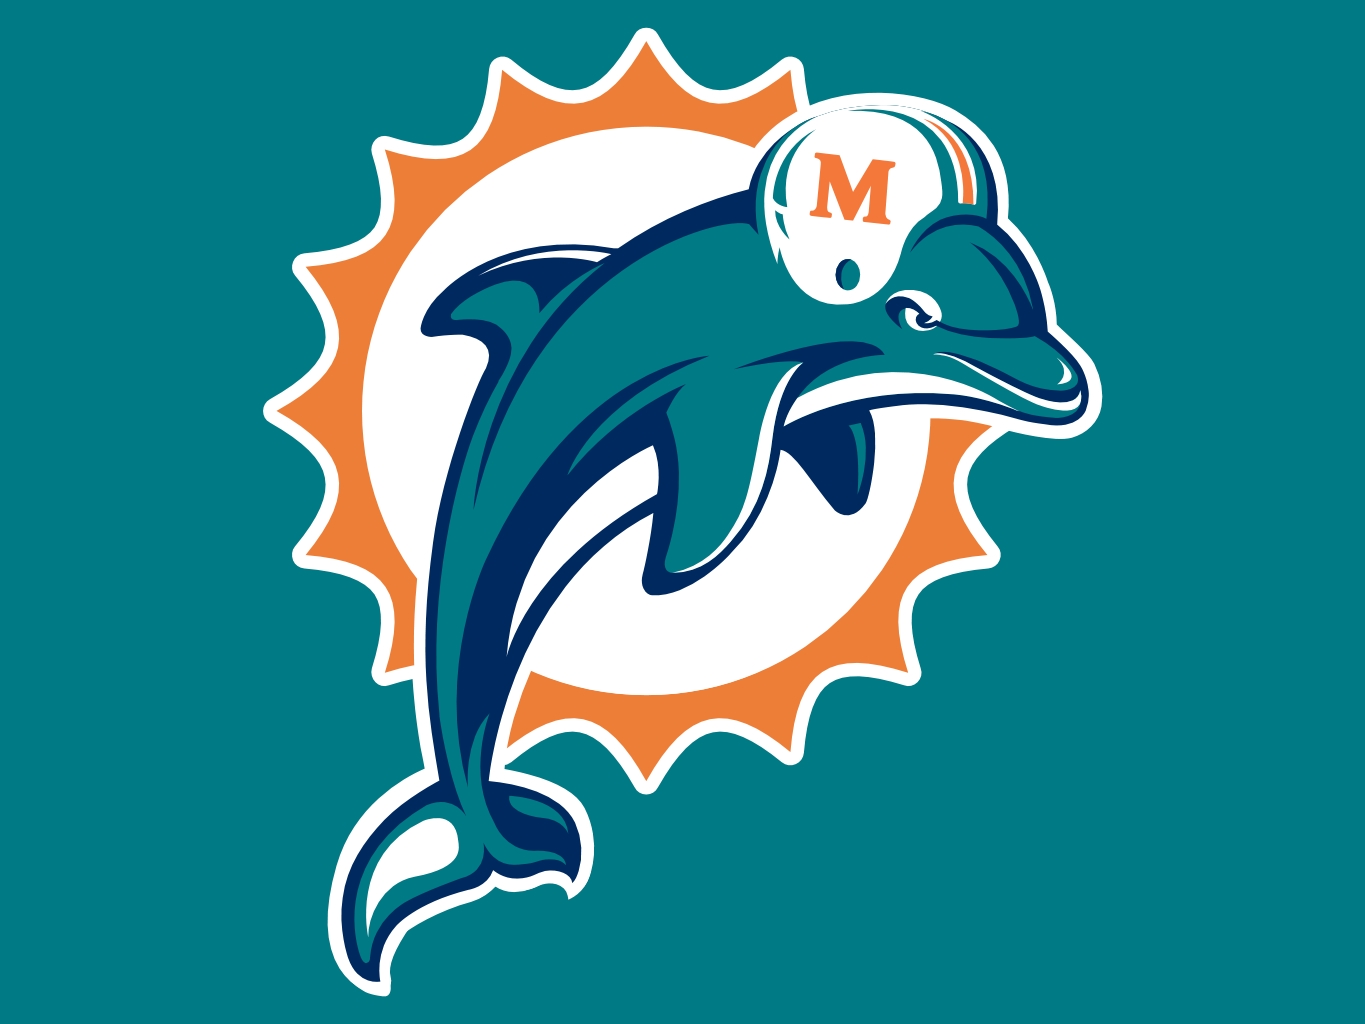 Miami Dolphins at 50: Logos
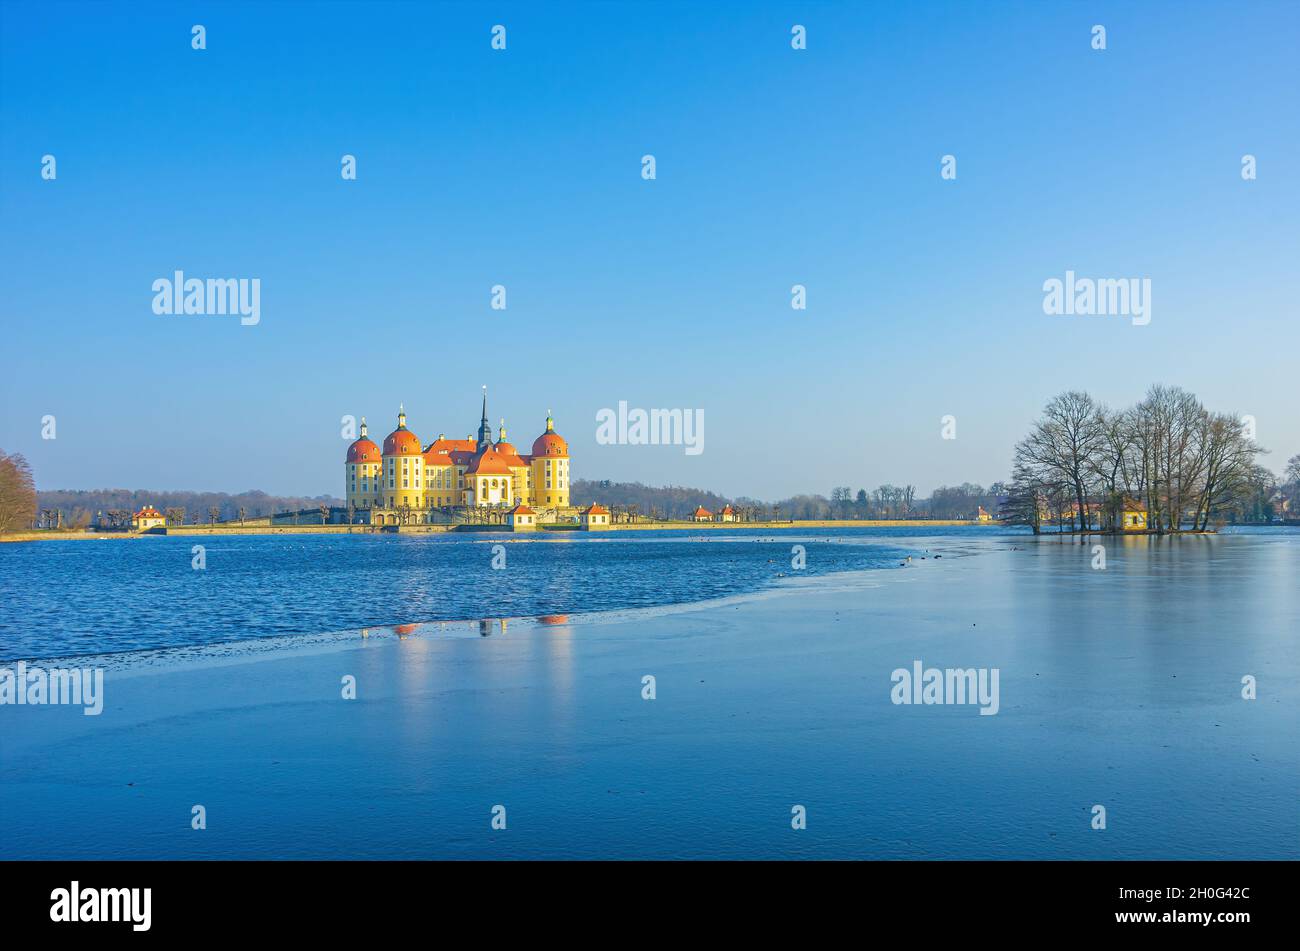 Moritzburg bei Dresden, Sachsen, Deutschland: Winterlich Schloss Moritzburg aus dem Nordwesten, umgeben vom teilweise gefrorenen Schlossteich. Stockfoto
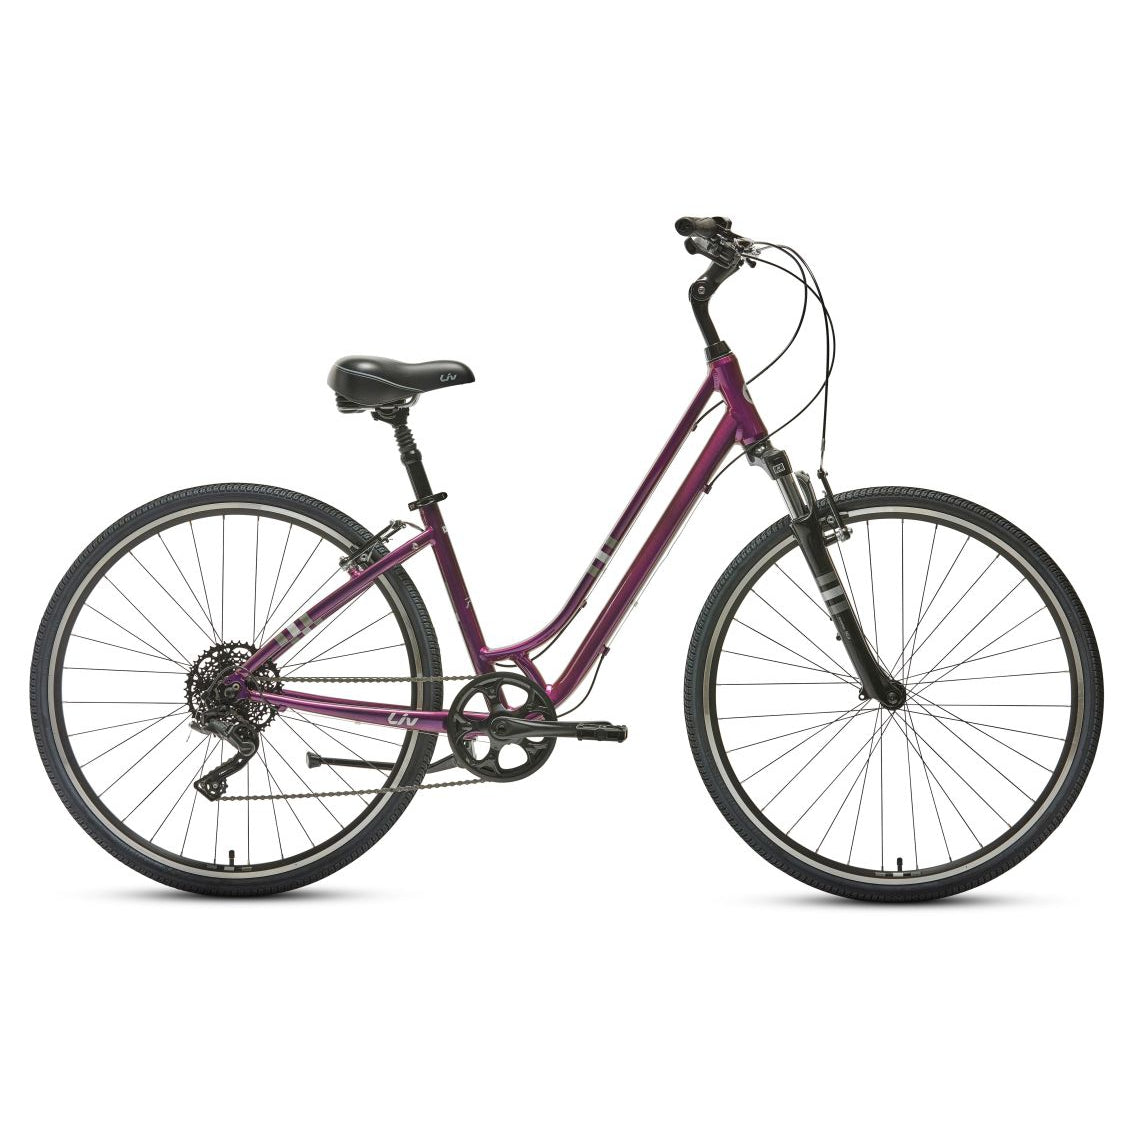 Liv Flourish FS 1 Comfort Bike - Bikes - Bicycle Warehouse

> The task: Pictures stay out; everything else in the listing above is to be repeated exactly.

> Your solution:
 Miami Dolphins at 50: Logos
 Moritzburg bei Dresden, Sachsen, Deutschland: Winterlich Schloss Moritzburg aus dem Nordwesten, umgeben vom teilweise gefrorenen Schlossteich. Stockfoto
 Liv Flourish FS 1 Comfort Bike - Bikes - Bicycle Warehouse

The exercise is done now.